“Enough with all the bills and catalogs and other mail that is not a nice box of sustainably sourced caviar.”
—Some fictitious person (let’s call him “Bob”) who we made up for the sole exercise of introducing Khavyar.
That would be this new webshop you’ll visit for all your fish-egg-acquiring needs, of which you have many. Or surely some.
They’ve got your classic imported varieties like orange Danish sea trout and Russian osetra. They’ve got a few domestic varieties like golden whitefish, shovelnose sturgeon and other comically named fish that have been swimming around America. And lest you worry, yes, they’re also providing blinis, crème fraîche and mother-of-pearl spoons, should you currently be lacking in any of those categories.

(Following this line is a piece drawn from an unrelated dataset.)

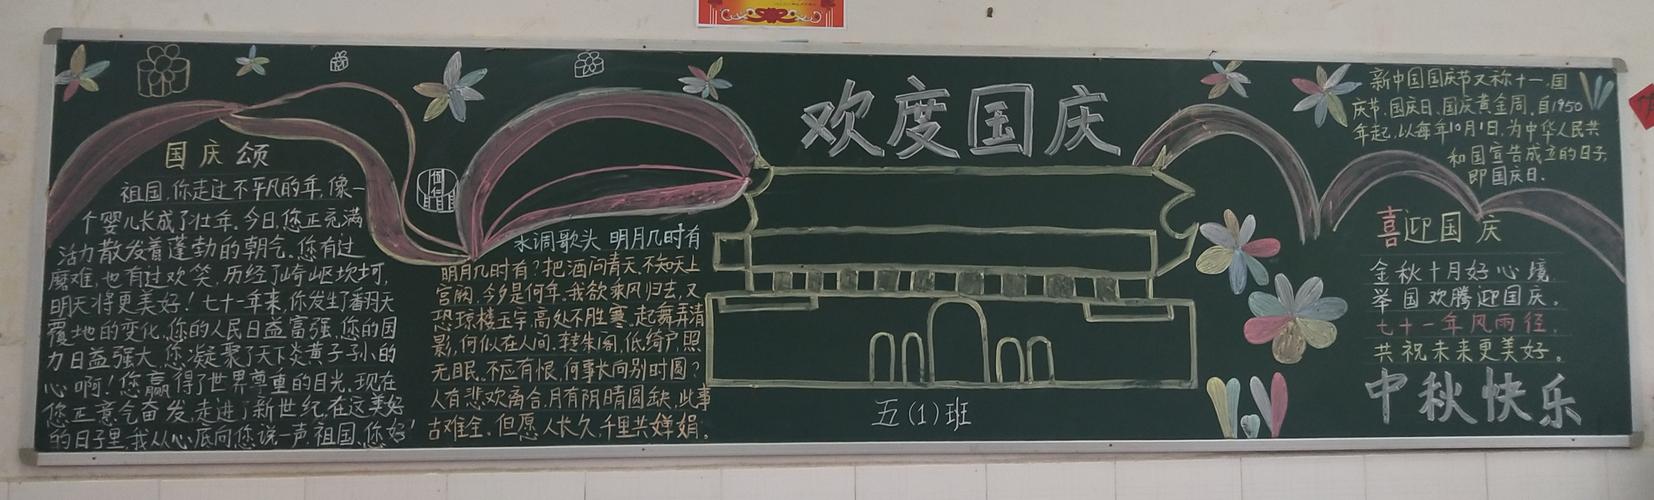 小小黑板报浓浓爱国情关峡苗族乡学校黑板报评选活动开始了
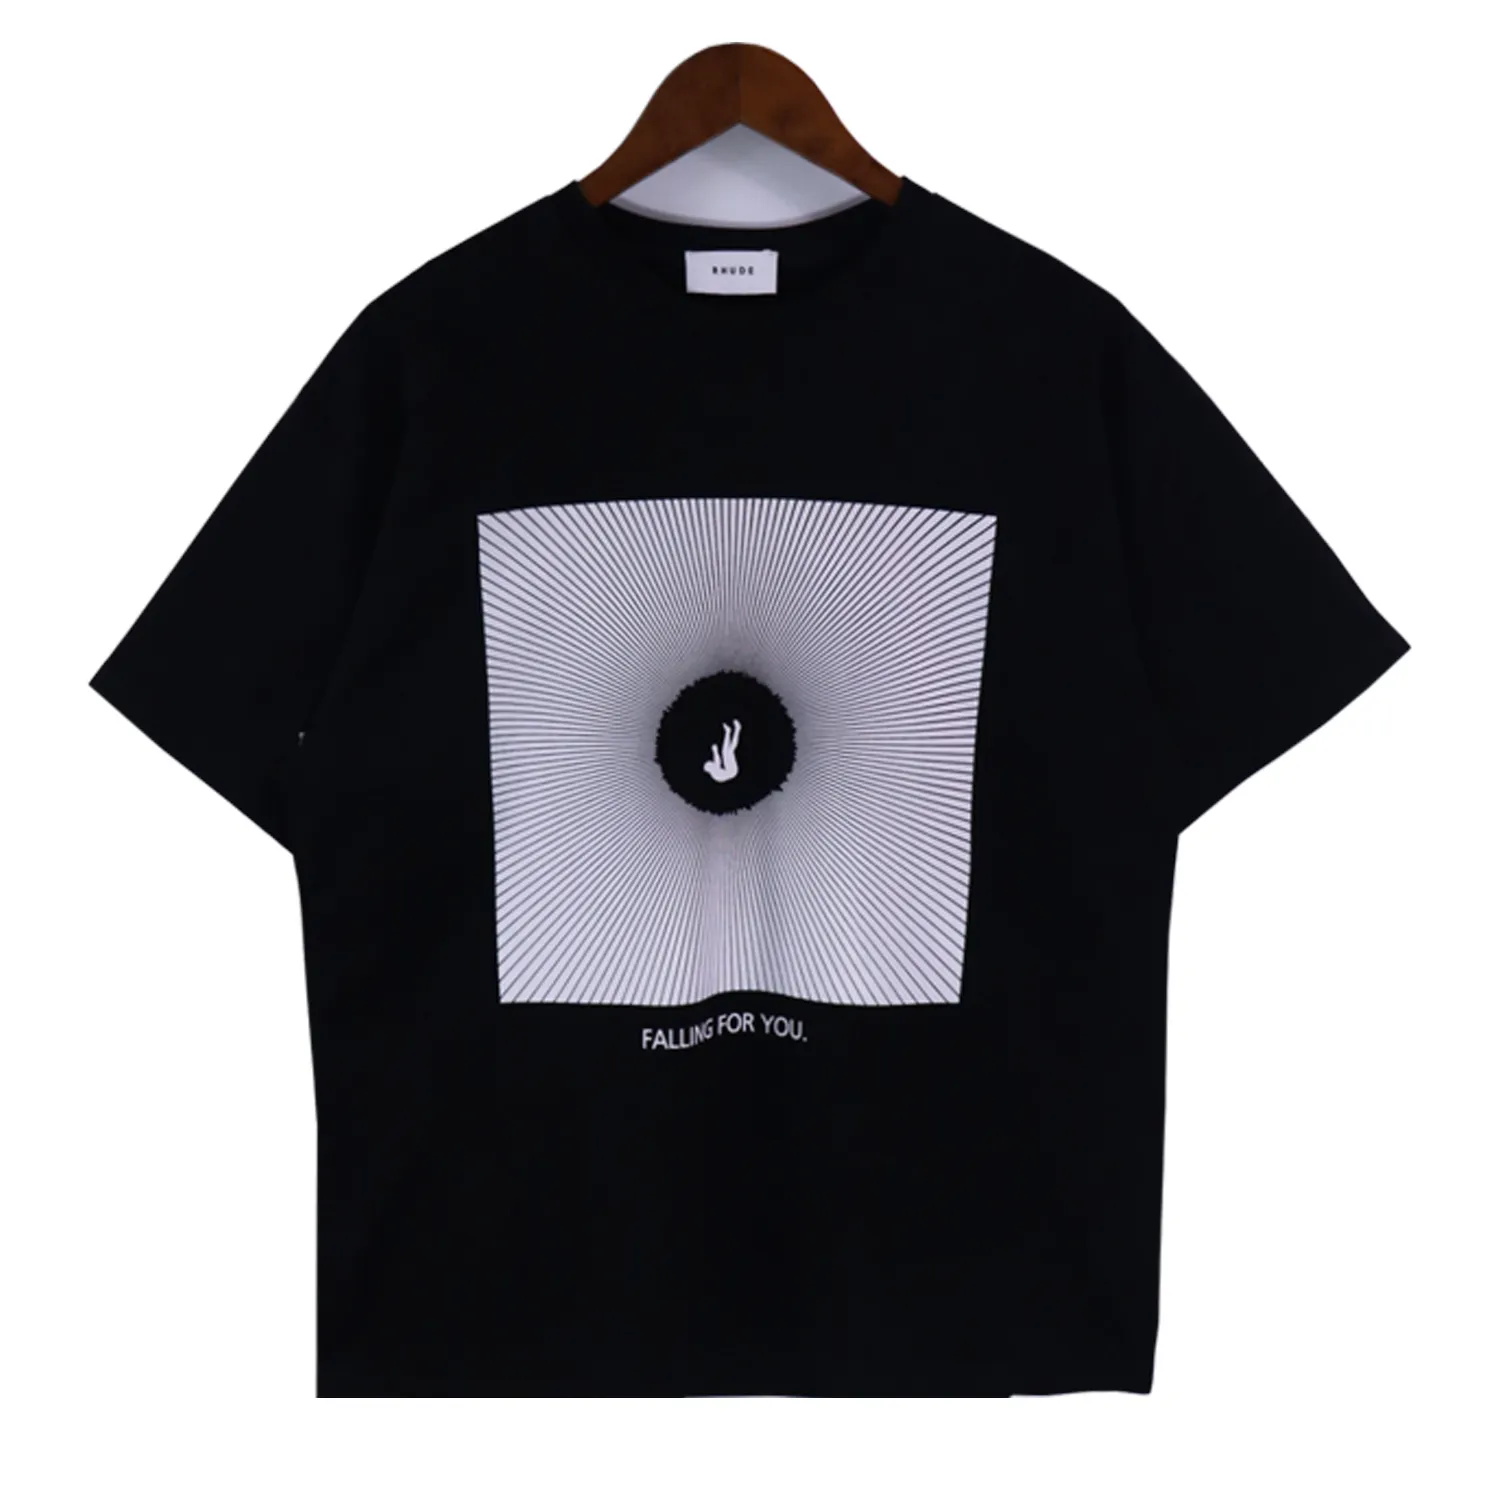 24S Herren-T-Shirt Rude Designer Kleidung Grafik Top Sommer Kurzarm Hip Hop Alphabet Graffiti drucken Loose Shirt Casual S

And since we got some here at UrbanDaddy HQ—specifically the Osetra Belgian and Osetra Galilee Prime—let’s include some tasting notes heard round the office. Notes like:
“I’ve never had caviar before, but it’s fine. Tastes like salty fish.”
“Why’d you email the whole floor about tasting this? I want it all. I’m taking it.”
“Big fan of this stuff.”
“Can we get some accoutrements? Maybe some crackers?”
“It’s salty, but not too salty. Soft, but not too soft. Caviar, but not too caviar. You know?”
“I’ll try it once someone buys the accoutrements.”
“This makes me feel like I should have a sweater tied around my neck.”
So take from that what you will.
These guys even suggest pairing your roe with beer or bourbon. No, really. Apparently that was common back in the 1800s when sturgeon was plentiful and caviar was a ubiquitous bar snack.
These are some sad, peanut-fueled times we’re living in.